In the literature there is limited research on combining biochar from woody biomass with solid wood materials to form composites. This research evaluated whether adding biochar particles improves the water resistance contact angle, and bending properties of raw and densified solid wood. Additionally, the study investigated whether or not different wood species (i.e., black poplar, spruce, European fir, and beech) resulted in different set-recovery properties when they included biochar particles and were densified.

2 Materials and methods

Eighty specimens, 220 mm × 20 mm × 20 mm of Black poplar-(P), Spruce-(S), European fir-(F), and Beech-(B were prepared.

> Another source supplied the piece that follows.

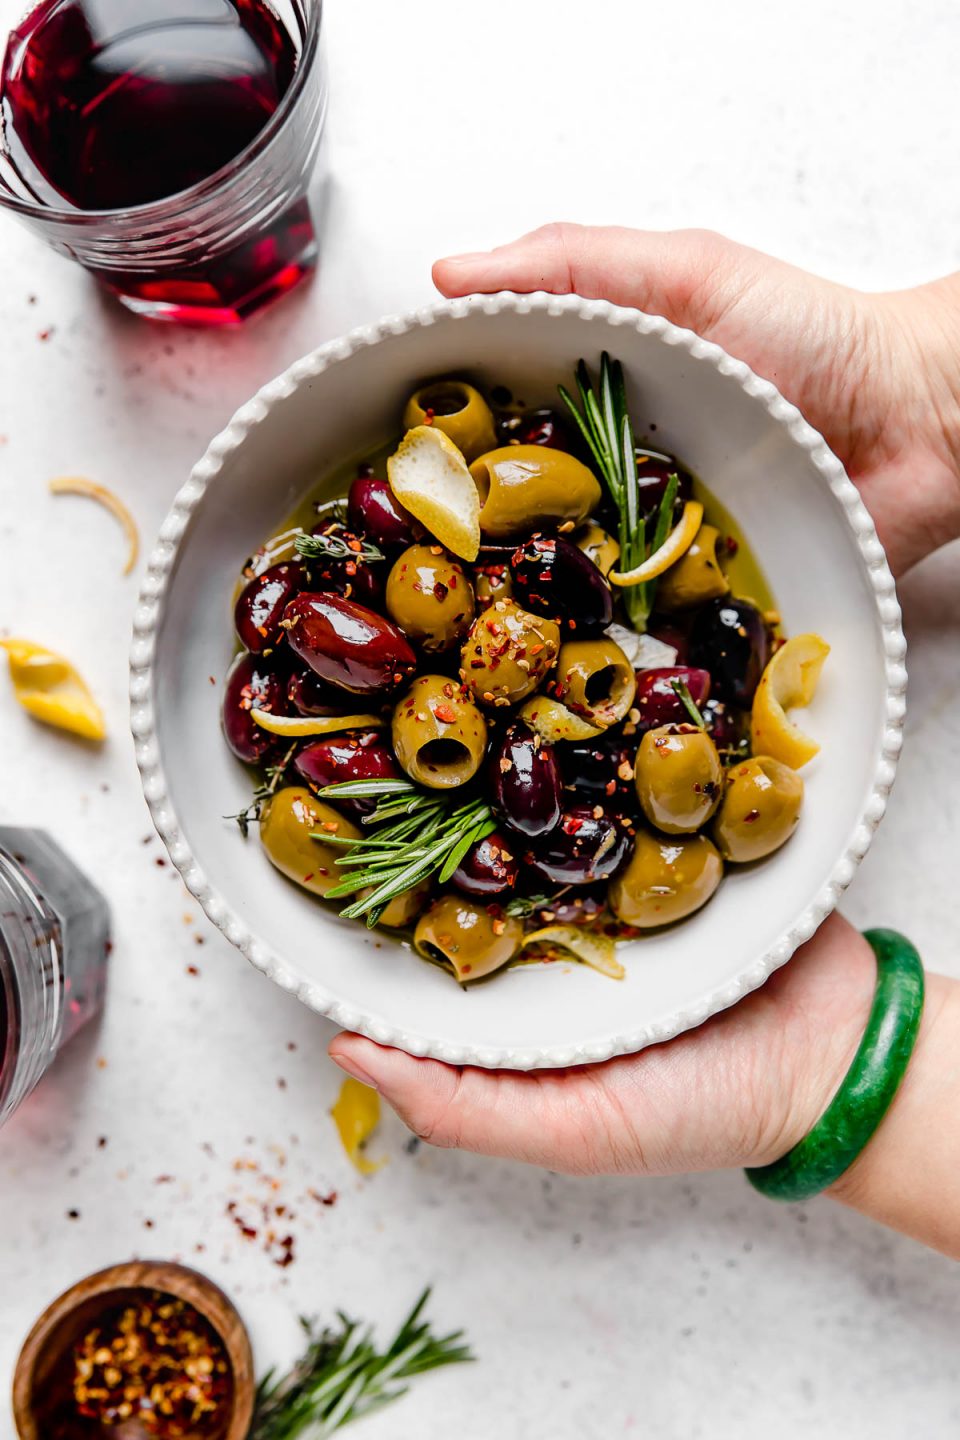 Homemade marinated olives served in a white dish with scalloped edges. The bowl is atop a white surface, surrounded by fresh rosemary, lemon peel, a small wooden bowl with red chili flakes, & a few glasses of red wine. A woman's hands are reaching into the photo, holding the bowl of olives.

The specimens were marked with letters representing the type of wood (P = poplar, S = spruce, F = European fir, B = beech) and with numbers representing the type of procedures and treatments performed, as shown in Table 1. Ten samples were prepared for each type of treatment. Before treatment, specimens were conditioned at 20 °C and 60% relative humidity and were there until they reached the equilibrium moisture content value (EMC). After THM treatment, the thickness of the treated samples was changed to lower values. Commercial hardwood biochar (Granfuoco, Biochar Grill Srl, Italy) was used. Proximate analysis was used to characterise the biochar properties since the production conditions were not available.

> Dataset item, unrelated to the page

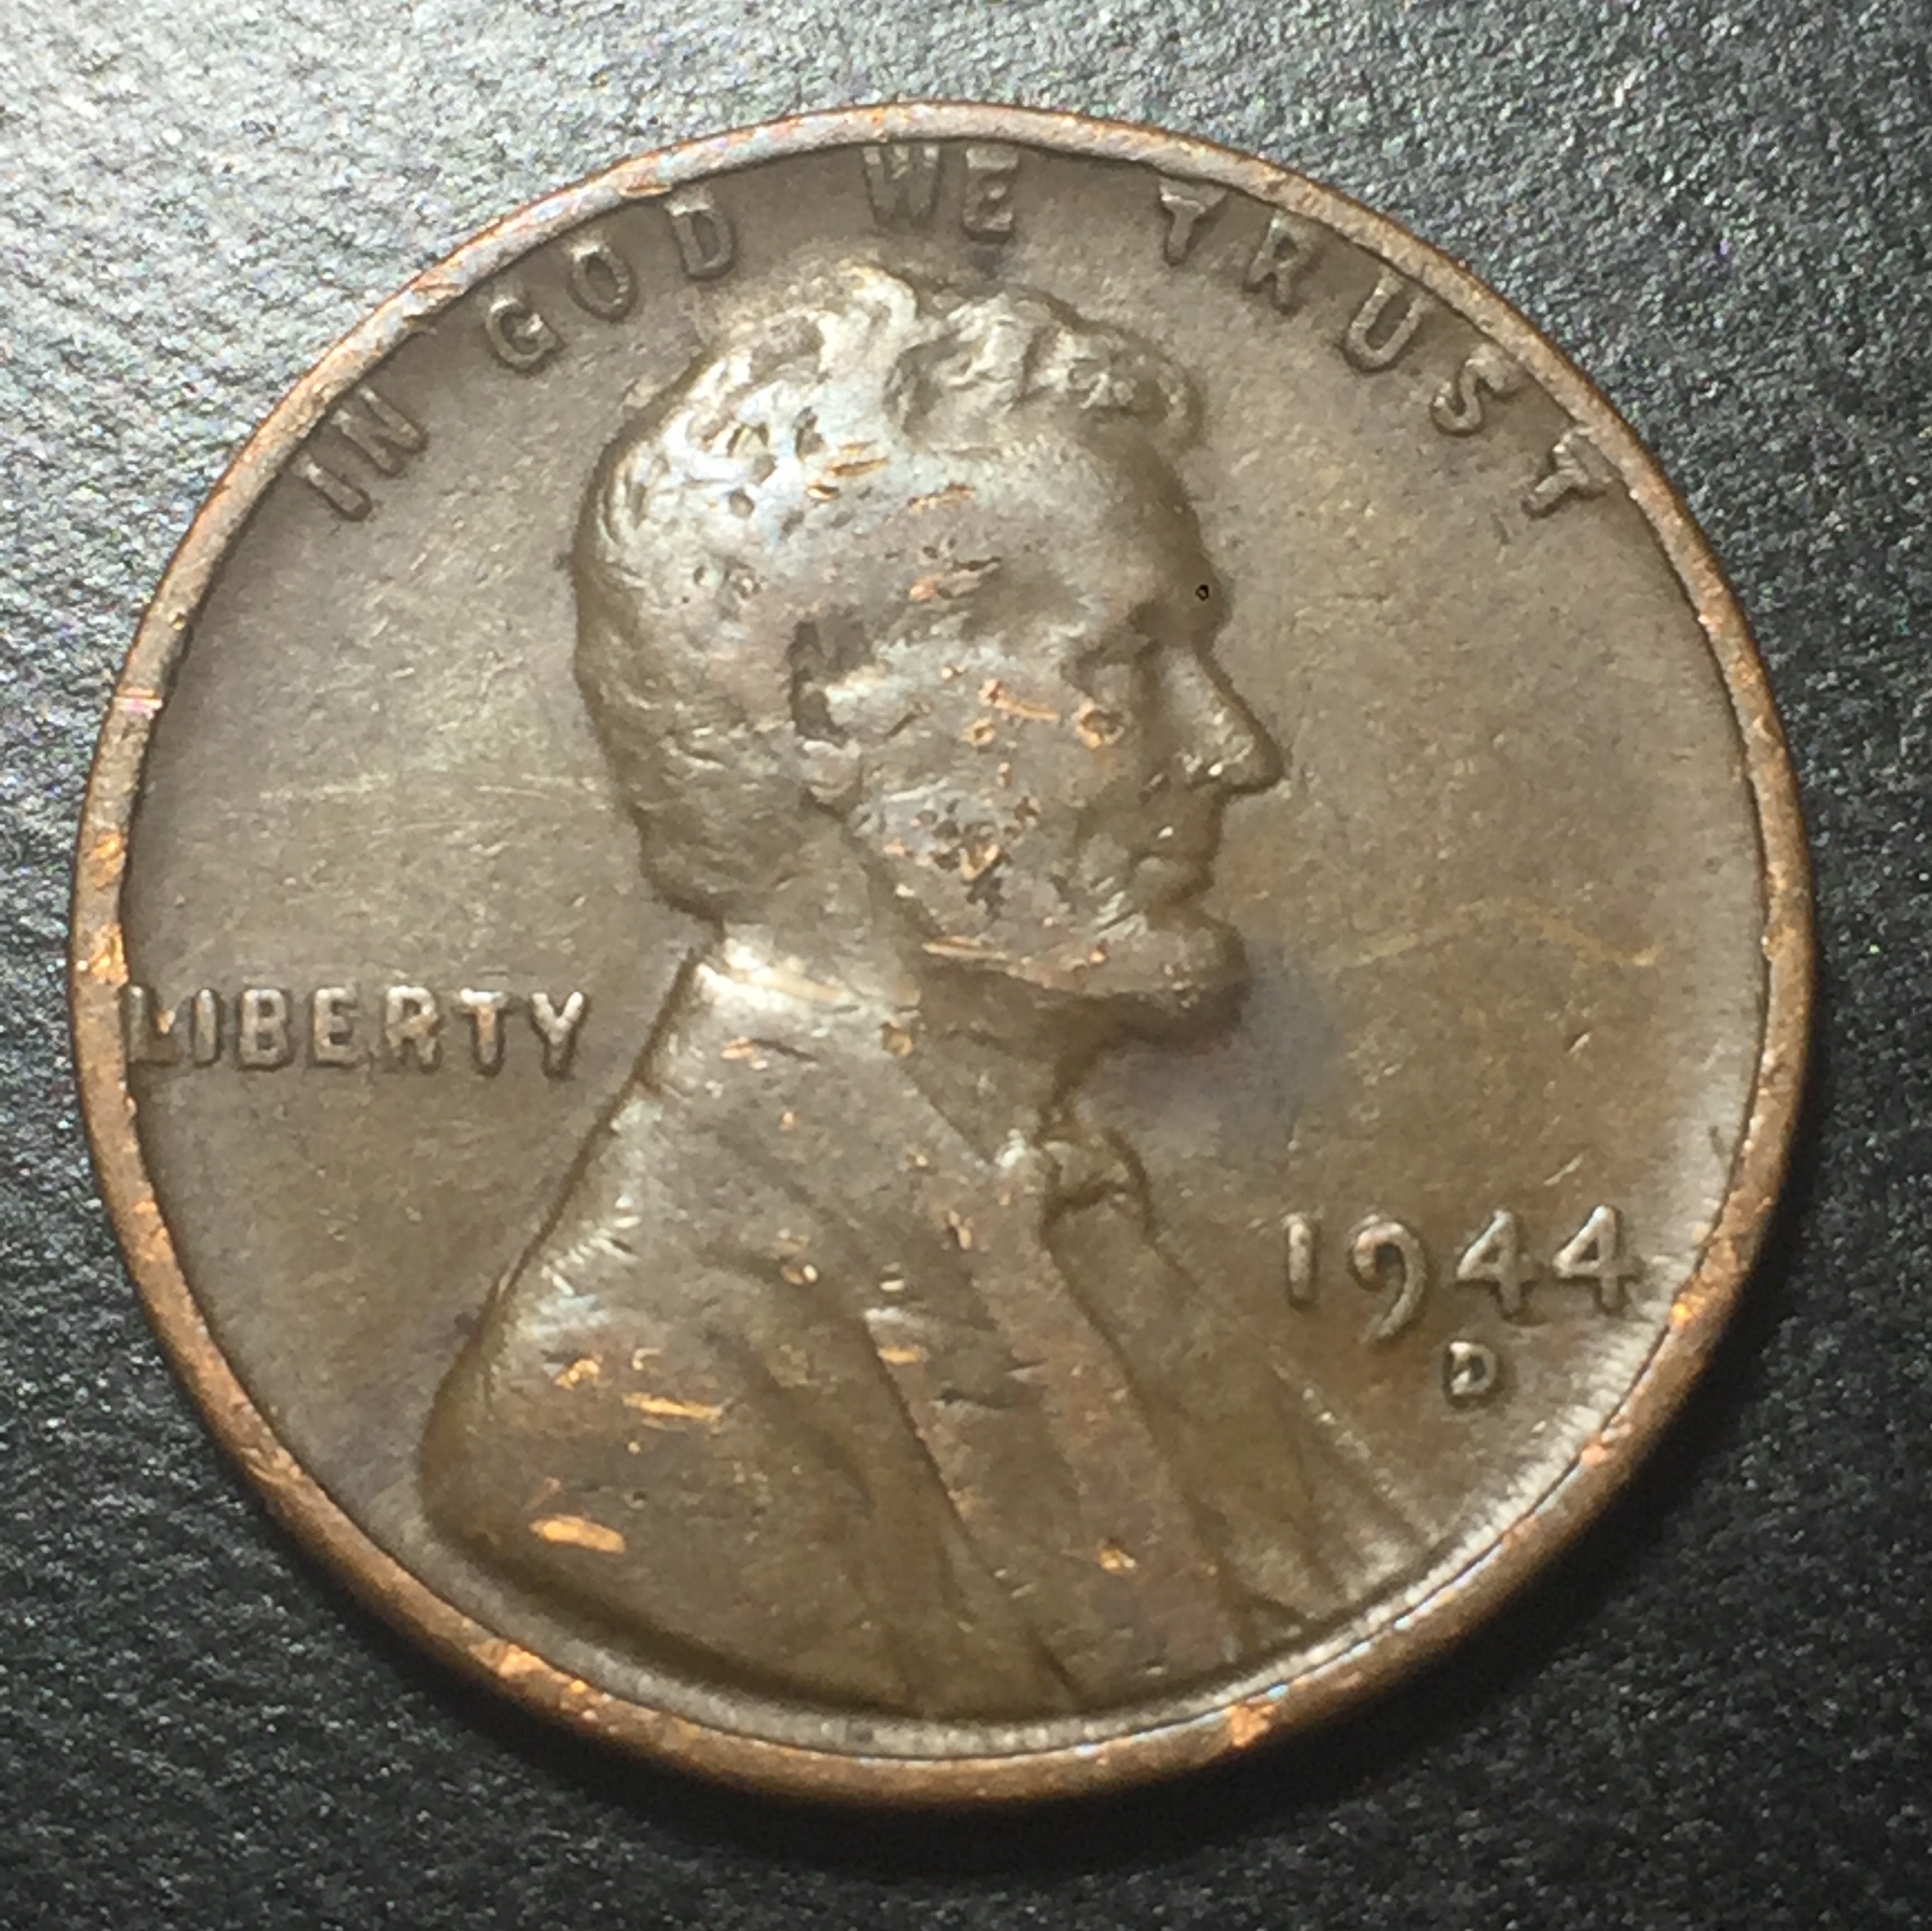 I have a 1944 Lincoln wheat penny, what is it worth?

Table 1 Pressing parameters for densification

Twenty specimens of 20 × 20 × 20 mm for each type of wood were cut to determine the initial moisture content of the species. The samples were weighed and placed in a laboratory oven for 24 h at 103 °C. The dry samples were then weighed again. Wood moisture was calculated according to the standard ASTM D4442-20 method B.

2.1 Biochar particle preparation

The biochar used as filler was obtained from grinding the commercial biochar to an average dimension of 38 µm. The biochar particles were prepared using a two-step milling process. Specifically, the biochar was ground using a Pulverisette 25/19 mill (Fritsch GmbH, Germany) set for coarse grinding (< 4 mm particle sieve), followed by fine grinding (< 0.25 mm particle sieve). The final biochar particles were separated in a sieve shaker (Cole-Parmer srl, Italy) with sieve No. 400 (< 38 µm) and stored in closed glass jars until further use. The size of the biochar particles used in the mixture was measured on the laser scattering particle size analyser Horiba LA-960V2 (Horiba ltd., Japan) by using the root for particles in a liquid suspension made of 1% biochar and distilled water. A wet measuring procedure with ultrasonic dispersion was used.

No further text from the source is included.